At the top of pipeline.py, these options are all exposed as constants. They will be used only if pipeline.py is run directly, rather than called by another file.

Several functions are available that streamline the definition of the arguments: build_parameters() and build_options() take the parameters and options as named arguments, and pack them into a single dictionary, which can then be passed to run_pipeline() when the pipeline is being run.

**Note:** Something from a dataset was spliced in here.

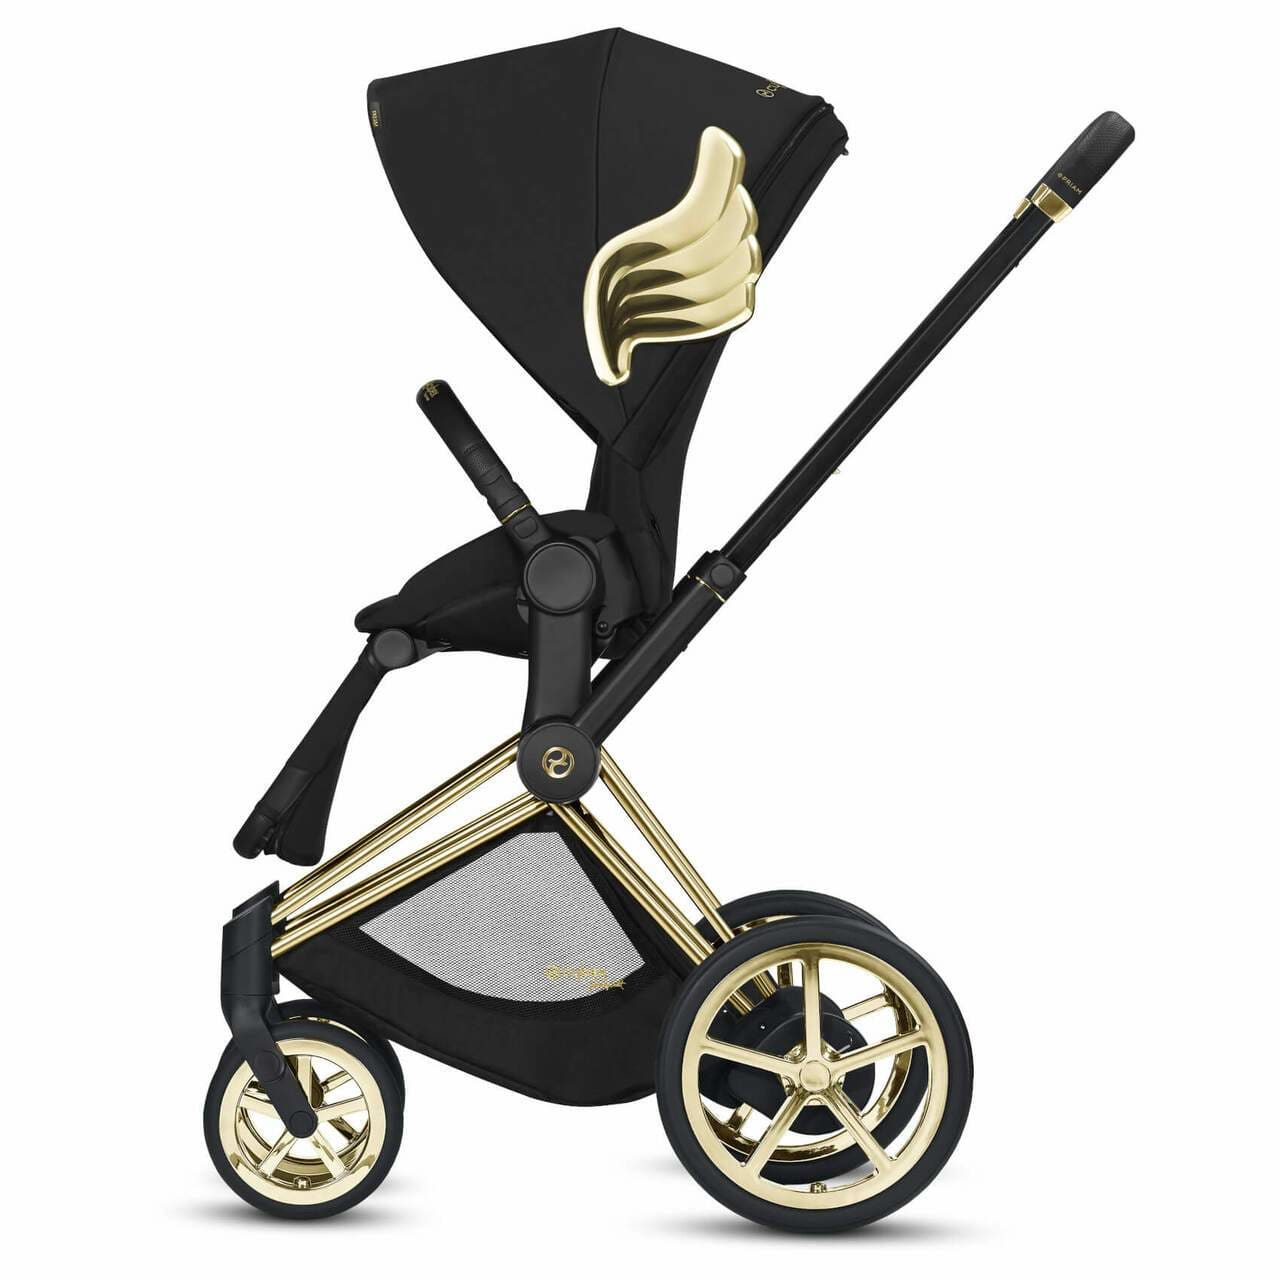 CYBEX Jeremy Scott Wing Collection Priam 3-in-1 Travel System Baby Stroller - Black 519003629 4058511709123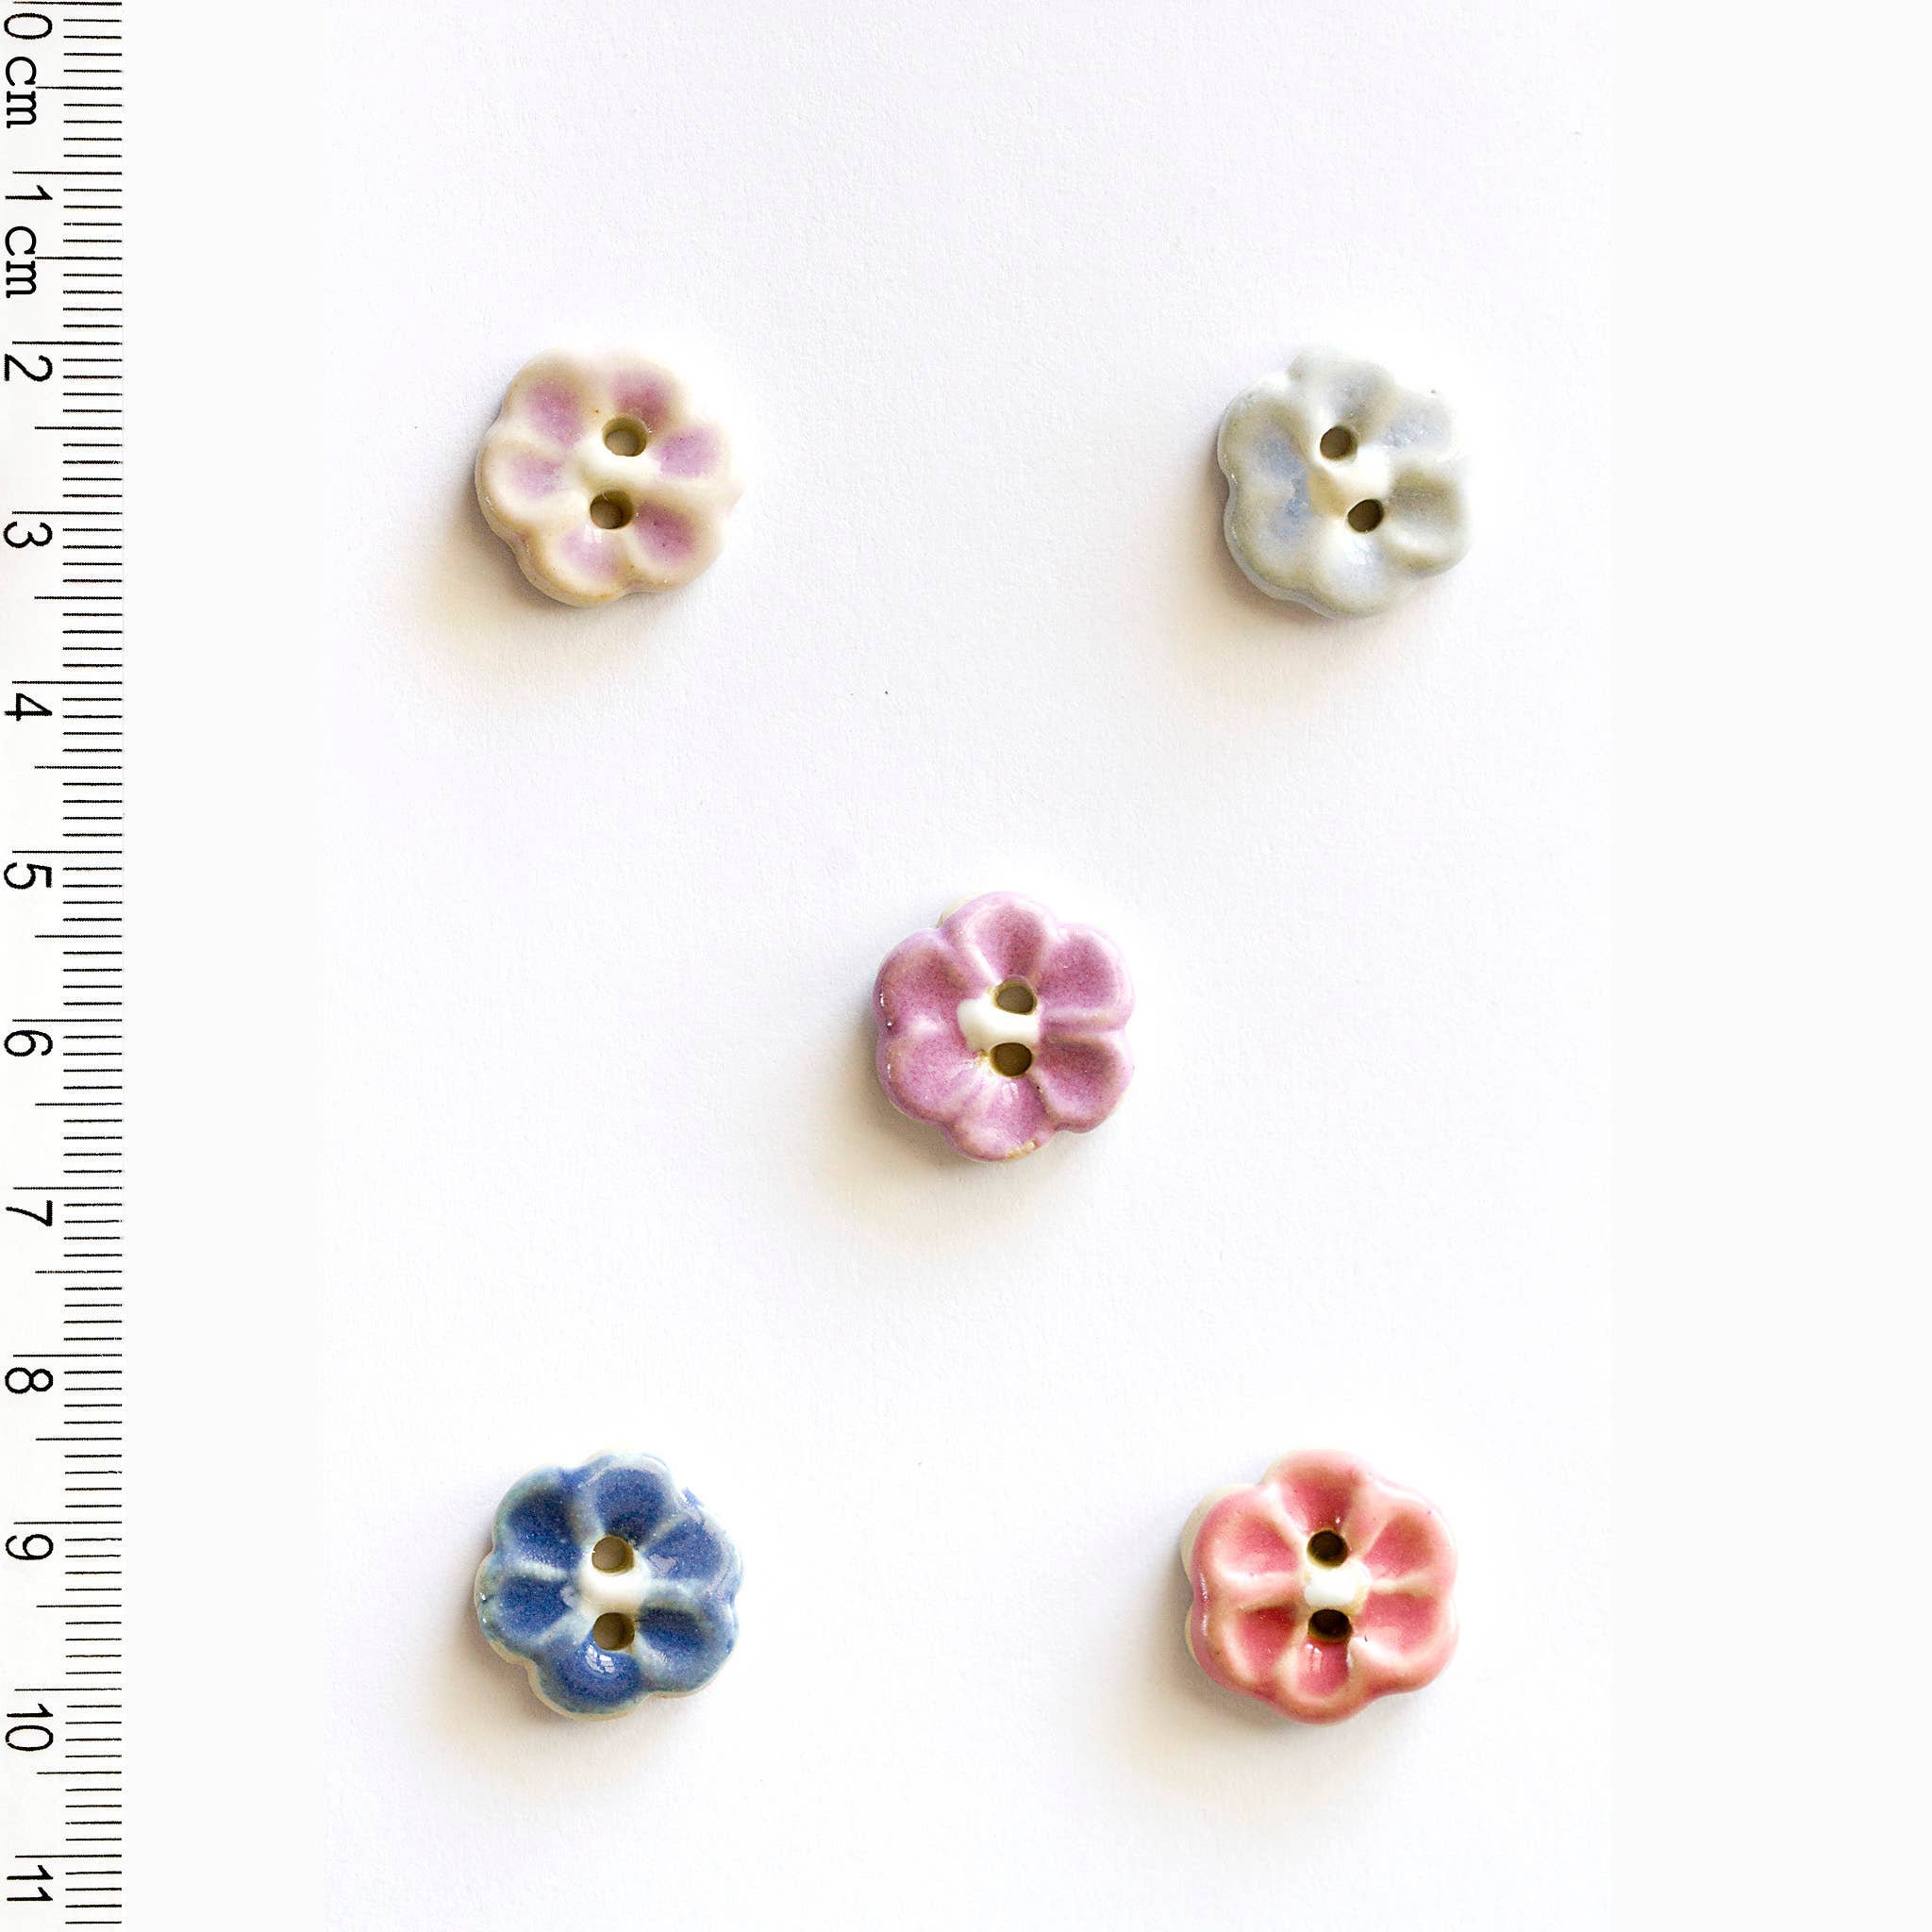 Incomparable Buttons - 5 Flower Buttons

To make things even easier, default_parameters() and default_options() automatically fill out dictionaries containing the default params and options. These dicts can then be manually changed if desired. This makes it simple to, for instance, use all the default settings, but run more particles. Rather than entering every single parameter, one can simply do:

params = default_parameters()
params['NUM_PARTICLES'] = 100

and the pipeline will run with all the default options apart from that single change.

"batch" type scripts

The ability to run the pipeline using self-contained packages of parameters allows it to be called programmatically. "Batch"-like scripts are what I call scripts that generate pipeline configurations. All that is required to run many instances of the pipeline is to write a function that produces a list of sets of parameters/options. A simple example is as follows:

def energy_sweep():
    BEAM_ENERGIES = [250e3, 300e3, 350e3, 400e3]
    configurations = []
    options = default_options()

    for E in BEAM_ENERGIES:
        params = default_parameters()
        params['BEAM_ENERGY'] = E

        configurations.append(
                {'name': "{0:d}_eV".format(int(E)),
                 'parameters': params,
                 'options': options
                })

    return configurations

The run_batch() function takes this function as an argument as well as the option to use multiprocessing, and simply runs the pipeline as many times as the config function specifies configurations.